# 16mm2 wire maximum current (fuse)



## hhhh (Dec 2, 2005)

Hi! 

As we all know, a 600W inverter uses 50 amps when fully loaded. The thing that puzzles me that what is the maximum current that a 16 mm2 wire can take ? Various sources state it's 50 A 

Can/should I use for example 60 A mini-ANL fuse as a main fuse to the inverter without using the wire as a fuse instead...

Thanks!


----------



## pippin (Nov 15, 2007)

Lot of confusion there in the phrase "maximum current that a xx mm2 wire can take".

It depends on many factors.

How long the piece of wire is. 
Whether it is in free air and ventilated.
Whether the current is passed continuously.
What surface temperature can be tolerated.

For instance the 2.5mm2 cable commonly used in UK ring main wiring is supposed to be uprated to 4mm2 if it is running under a thick blanket of insulation. Nobody does though!

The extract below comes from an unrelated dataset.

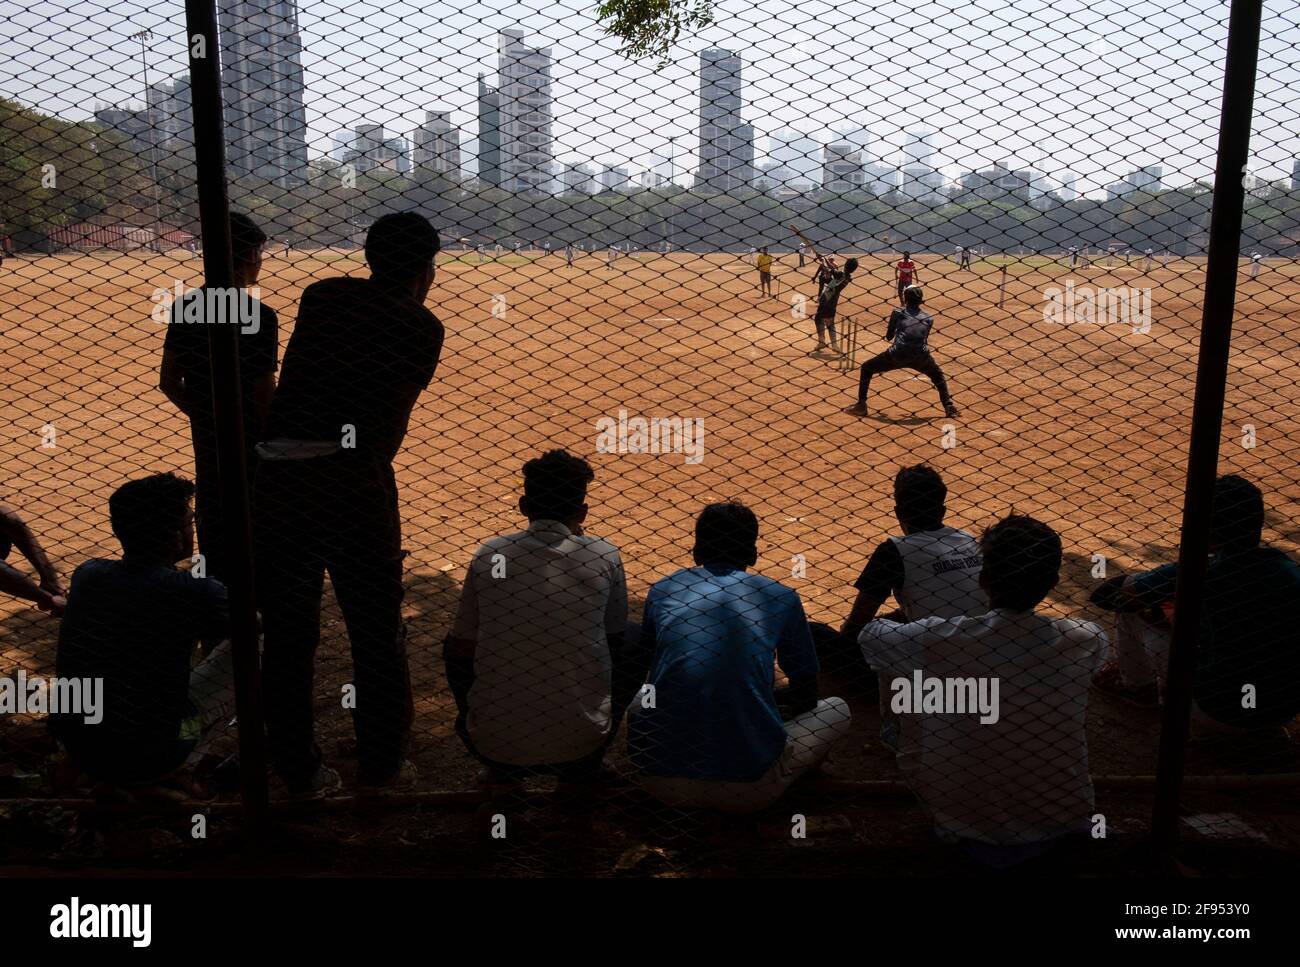 Silhouette of teenagers standing behind a fence watching a cricket match in Shivaji Park in Mumbai-Dadar,Maharashtra, India Stock Photo

I suspect that your piece of cable has been rated at 50A with the various factors taken into account and that for it to "fuse" (ie burn out) would require significantly higher current to flow.


----------



## hhhh (Dec 2, 2005)

Hi! 

The cable is about 1.5 metres long and it'll be connected to the battery under the seat.


----------



## olley (May 1, 2005)

Hi standard 16mm2 battery cable is rated at about 110amps.

Olley


----------



## CliveMott (Mar 10, 2008)

*CABLE FUSE RATINGS*

In general terms Olley is about right.
The fuses are ONLY to protect the wiring, not the devices on the other end.
In 12 volt applications we generally use cables with a current rating well in excess of the actual current flowing in the application because the voltage drop along the cable is more important. A cable in a mains application can afford to lose say 2 or 3 volts in 230 and we will hardly notice the difference, but losing 3 volts in 12 is far too much.

As had been said it also depends on the insulation temperature rating of the cable, the thermal resistance of the insulation, if its a single cable or in a bunch, if its in free air or in a confined space or even within thermal insulation.
BUT in 12 volt applications the size of the cable is so much bigger than that required by the actual current flowing that none of the above restraints are likely to apply.

Don,t forget that fuses also work by getting hot and this means a voltage drop across the fuse. Use quality low melting point fuses and have them rated well above the normal operating currents if at all possible.
C.


----------